- _WHAT YOU NEED TO DO_: Transcribe, word for word, every record in the data below.

(Collected data)

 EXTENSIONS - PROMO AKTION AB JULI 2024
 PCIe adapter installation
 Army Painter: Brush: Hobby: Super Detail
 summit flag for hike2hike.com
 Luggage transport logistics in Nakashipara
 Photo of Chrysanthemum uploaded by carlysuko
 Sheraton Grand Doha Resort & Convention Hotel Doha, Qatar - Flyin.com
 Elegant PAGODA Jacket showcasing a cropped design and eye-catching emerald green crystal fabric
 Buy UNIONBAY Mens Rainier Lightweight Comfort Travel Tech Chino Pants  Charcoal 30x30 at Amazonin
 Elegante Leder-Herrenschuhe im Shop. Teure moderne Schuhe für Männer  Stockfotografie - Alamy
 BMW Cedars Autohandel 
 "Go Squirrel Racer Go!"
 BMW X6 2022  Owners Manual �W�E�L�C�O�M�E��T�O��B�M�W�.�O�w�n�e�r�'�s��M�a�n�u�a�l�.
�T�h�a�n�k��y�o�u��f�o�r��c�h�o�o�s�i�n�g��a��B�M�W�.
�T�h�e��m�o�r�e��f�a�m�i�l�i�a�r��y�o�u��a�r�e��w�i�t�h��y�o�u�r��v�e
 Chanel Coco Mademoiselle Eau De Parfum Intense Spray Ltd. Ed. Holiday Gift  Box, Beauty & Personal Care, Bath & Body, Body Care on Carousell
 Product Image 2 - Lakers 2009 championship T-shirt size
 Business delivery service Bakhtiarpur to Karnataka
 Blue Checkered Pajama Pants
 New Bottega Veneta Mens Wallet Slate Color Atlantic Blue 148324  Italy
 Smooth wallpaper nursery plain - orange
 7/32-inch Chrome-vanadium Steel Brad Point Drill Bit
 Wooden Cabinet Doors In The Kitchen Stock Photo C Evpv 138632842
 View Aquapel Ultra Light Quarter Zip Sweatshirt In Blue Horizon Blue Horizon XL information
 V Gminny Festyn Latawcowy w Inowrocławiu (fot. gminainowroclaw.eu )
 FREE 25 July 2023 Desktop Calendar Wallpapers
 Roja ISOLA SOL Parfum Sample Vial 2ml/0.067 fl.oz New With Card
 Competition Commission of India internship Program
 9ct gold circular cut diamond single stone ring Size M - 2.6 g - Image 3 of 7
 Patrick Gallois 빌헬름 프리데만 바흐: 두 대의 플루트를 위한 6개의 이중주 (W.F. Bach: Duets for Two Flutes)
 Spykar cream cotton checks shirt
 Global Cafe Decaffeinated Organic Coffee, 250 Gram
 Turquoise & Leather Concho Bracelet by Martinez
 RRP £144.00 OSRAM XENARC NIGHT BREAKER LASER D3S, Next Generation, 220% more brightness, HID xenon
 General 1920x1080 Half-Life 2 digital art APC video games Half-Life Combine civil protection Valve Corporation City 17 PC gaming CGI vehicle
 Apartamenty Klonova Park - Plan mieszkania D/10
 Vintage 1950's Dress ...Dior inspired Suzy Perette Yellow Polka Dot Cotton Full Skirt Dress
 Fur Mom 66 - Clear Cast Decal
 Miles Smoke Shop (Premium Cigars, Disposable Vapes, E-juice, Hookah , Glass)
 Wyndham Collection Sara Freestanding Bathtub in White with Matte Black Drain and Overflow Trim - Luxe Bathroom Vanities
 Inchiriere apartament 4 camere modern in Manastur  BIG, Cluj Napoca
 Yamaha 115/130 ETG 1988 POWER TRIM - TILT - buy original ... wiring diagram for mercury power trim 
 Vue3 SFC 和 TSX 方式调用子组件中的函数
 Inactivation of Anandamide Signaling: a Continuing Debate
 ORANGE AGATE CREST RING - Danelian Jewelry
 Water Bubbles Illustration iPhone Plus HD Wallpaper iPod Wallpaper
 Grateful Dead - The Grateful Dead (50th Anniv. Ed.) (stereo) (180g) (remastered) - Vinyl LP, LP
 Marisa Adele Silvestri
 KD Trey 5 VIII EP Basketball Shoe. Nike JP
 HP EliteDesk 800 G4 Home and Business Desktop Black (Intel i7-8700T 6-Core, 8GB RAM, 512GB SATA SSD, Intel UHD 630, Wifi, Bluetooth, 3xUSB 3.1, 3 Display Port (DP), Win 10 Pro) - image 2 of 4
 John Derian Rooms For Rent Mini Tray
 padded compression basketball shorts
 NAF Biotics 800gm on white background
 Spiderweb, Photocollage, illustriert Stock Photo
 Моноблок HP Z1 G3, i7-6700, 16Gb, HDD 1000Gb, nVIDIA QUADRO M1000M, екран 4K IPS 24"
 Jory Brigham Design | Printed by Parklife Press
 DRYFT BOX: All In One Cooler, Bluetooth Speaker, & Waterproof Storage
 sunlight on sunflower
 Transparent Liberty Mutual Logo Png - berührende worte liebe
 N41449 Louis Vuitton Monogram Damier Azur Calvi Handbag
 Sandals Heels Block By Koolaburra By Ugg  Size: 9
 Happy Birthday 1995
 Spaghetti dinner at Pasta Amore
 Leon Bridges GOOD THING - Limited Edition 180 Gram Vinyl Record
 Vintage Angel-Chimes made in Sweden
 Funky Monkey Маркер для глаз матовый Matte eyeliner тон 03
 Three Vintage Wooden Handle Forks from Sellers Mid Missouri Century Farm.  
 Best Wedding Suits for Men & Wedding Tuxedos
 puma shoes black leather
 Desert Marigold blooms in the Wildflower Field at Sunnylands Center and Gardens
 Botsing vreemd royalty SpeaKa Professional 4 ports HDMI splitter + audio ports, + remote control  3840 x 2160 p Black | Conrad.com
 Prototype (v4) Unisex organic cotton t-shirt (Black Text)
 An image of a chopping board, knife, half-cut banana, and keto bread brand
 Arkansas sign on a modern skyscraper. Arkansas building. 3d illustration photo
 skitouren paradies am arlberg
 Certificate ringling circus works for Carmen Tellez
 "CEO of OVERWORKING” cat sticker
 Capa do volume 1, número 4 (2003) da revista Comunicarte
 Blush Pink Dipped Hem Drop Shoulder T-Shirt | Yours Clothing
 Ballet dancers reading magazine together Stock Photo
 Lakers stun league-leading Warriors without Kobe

- _FINAL ANSWER_:
 EXTENSIONS - PROMO AKTION AB JULI 2024
 PCIe adapter installation
 Army Painter: Brush: Hobby: Super Detail
 summit flag for hike2hike.com
 Luggage transport logistics in Nakashipara
 Photo of Chrysanthemum uploaded by carlysuko
 Sheraton Grand Doha Resort & Convention Hotel Doha, Qatar - Flyin.com
 Elegant PAGODA Jacket showcasing a cropped design and eye-catching emerald green crystal fabric
 Buy UNIONBAY Mens Rainier Lightweight Comfort Travel Tech Chino Pants  Charcoal 30x30 at Amazonin
 Elegante Leder-Herrenschuhe im Shop. Teure moderne Schuhe für Männer  Stockfotografie - Alamy
 BMW Cedars Autohandel 
 "Go Squirrel Racer Go!"
 BMW X6 2022  Owners Manual �W�E�L�C�O�M�E��T�O��B�M�W�.�O�w�n�e�r�'�s��M�a�n�u�a�l�.
�T�h�a�n�k��y�o�u��f�o�r��c�h�o�o�s�i�n�g��a��B�M�W�.
�T�h�e��m�o�r�e��f�a�m�i�l�i�a�r��y�o�u��a�r�e��w�i�t�h��y�o�u�r��v�e
 Chanel Coco Mademoiselle Eau De Parfum Intense Spray Ltd. Ed. Holiday Gift  Box, Beauty & Personal Care, Bath & Body, Body Care on Carousell
 Product Image 2 - Lakers 2009 championship T-shirt size
 Business delivery service Bakhtiarpur to Karnataka
 Blue Checkered Pajama Pants
 New Bottega Veneta Mens Wallet Slate Color Atlantic Blue 148324  Italy
 Smooth wallpaper nursery plain - orange
 7/32-inch Chrome-vanadium Steel Brad Point Drill Bit
 Wooden Cabinet Doors In The Kitchen Stock Photo C Evpv 138632842
 View Aquapel Ultra Light Quarter Zip Sweatshirt In Blue Horizon Blue Horizon XL information
 V Gminny Festyn Latawcowy w Inowrocławiu (fot. gminainowroclaw.eu )
 FREE 25 July 2023 Desktop Calendar Wallpapers
 Roja ISOLA SOL Parfum Sample Vial 2ml/0.067 fl.oz New With Card
 Competition Commission of India internship Program
 9ct gold circular cut diamond single stone ring Size M - 2.6 g - Image 3 of 7
 Patrick Gallois 빌헬름 프리데만 바흐: 두 대의 플루트를 위한 6개의 이중주 (W.F. Bach: Duets for Two Flutes)
 Spykar cream cotton checks shirt
 Global Cafe Decaffeinated Organic Coffee, 250 Gram
 Turquoise & Leather Concho Bracelet by Martinez
 RRP £144.00 OSRAM XENARC NIGHT BREAKER LASER D3S, Next Generation, 220% more brightness, HID xenon
 General 1920x1080 Half-Life 2 digital art APC video games Half-Life Combine civil protection Valve Corporation City 17 PC gaming CGI vehicle
 Apartamenty Klonova Park - Plan mieszkania D/10
 Vintage 1950's Dress ...Dior inspired Suzy Perette Yellow Polka Dot Cotton Full Skirt Dress
 Fur Mom 66 - Clear Cast Decal
 Miles Smoke Shop (Premium Cigars, Disposable Vapes, E-juice, Hookah , Glass)
 Wyndham Collection Sara Freestanding Bathtub in White with Matte Black Drain and Overflow Trim - Luxe Bathroom Vanities
 Inchiriere apartament 4 camere modern in Manastur  BIG, Cluj Napoca
 Yamaha 115/130 ETG 1988 POWER TRIM - TILT - buy original ... wiring diagram for mercury power trim 
 Vue3 SFC 和 TSX 方式调用子组件中的函数
 Inactivation of Anandamide Signaling: a Continuing Debate
 ORANGE AGATE CREST RING - Danelian Jewelry
 Water Bubbles Illustration iPhone Plus HD Wallpaper iPod Wallpaper
 Grateful Dead - The Grateful Dead (50th Anniv. Ed.) (stereo) (180g) (remastered) - Vinyl LP, LP
 Marisa Adele Silvestri
 KD Trey 5 VIII EP Basketball Shoe. Nike JP
 HP EliteDesk 800 G4 Home and Business Desktop Black (Intel i7-8700T 6-Core, 8GB RAM, 512GB SATA SSD, Intel UHD 630, Wifi, Bluetooth, 3xUSB 3.1, 3 Display Port (DP), Win 10 Pro) - image 2 of 4
 John Derian Rooms For Rent Mini Tray
 padded compression basketball shorts
 NAF Biotics 800gm on white background
 Spiderweb, Photocollage, illustriert Stock Photo
 Моноблок HP Z1 G3, i7-6700, 16Gb, HDD 1000Gb, nVIDIA QUADRO M1000M, екран 4K IPS 24"
 Jory Brigham Design | Printed by Parklife Press
 DRYFT BOX: All In One Cooler, Bluetooth Speaker, & Waterproof Storage
 sunlight on sunflower
 Transparent Liberty Mutual Logo Png - berührende worte liebe
 N41449 Louis Vuitton Monogram Damier Azur Calvi Handbag
 Sandals Heels Block By Koolaburra By Ugg  Size: 9
 Happy Birthday 1995
 Spaghetti dinner at Pasta Amore
 Leon Bridges GOOD THING - Limited Edition 180 Gram Vinyl Record
 Vintage Angel-Chimes made in Sweden
 Funky Monkey Маркер для глаз матовый Matte eyeliner тон 03
 Three Vintage Wooden Handle Forks from Sellers Mid Missouri Century Farm.  
 Best Wedding Suits for Men & Wedding Tuxedos
 puma shoes black leather
 Desert Marigold blooms in the Wildflower Field at Sunnylands Center and Gardens
 Botsing vreemd royalty SpeaKa Professional 4 ports HDMI splitter + audio ports, + remote control  3840 x 2160 p Black | Conrad.com
 Prototype (v4) Unisex organic cotton t-shirt (Black Text)
 An image of a chopping board, knife, half-cut banana, and keto bread brand
 Arkansas sign on a modern skyscraper. Arkansas building. 3d illustration photo
 skitouren paradies am arlberg
 Certificate ringling circus works for Carmen Tellez
 "CEO of OVERWORKING” cat sticker
 Capa do volume 1, número 4 (2003) da revista Comunicarte
 Blush Pink Dipped Hem Drop Shoulder T-Shirt | Yours Clothing
 Ballet dancers reading magazine together Stock Photo
 Lakers stun league-leading Warriors without Kobe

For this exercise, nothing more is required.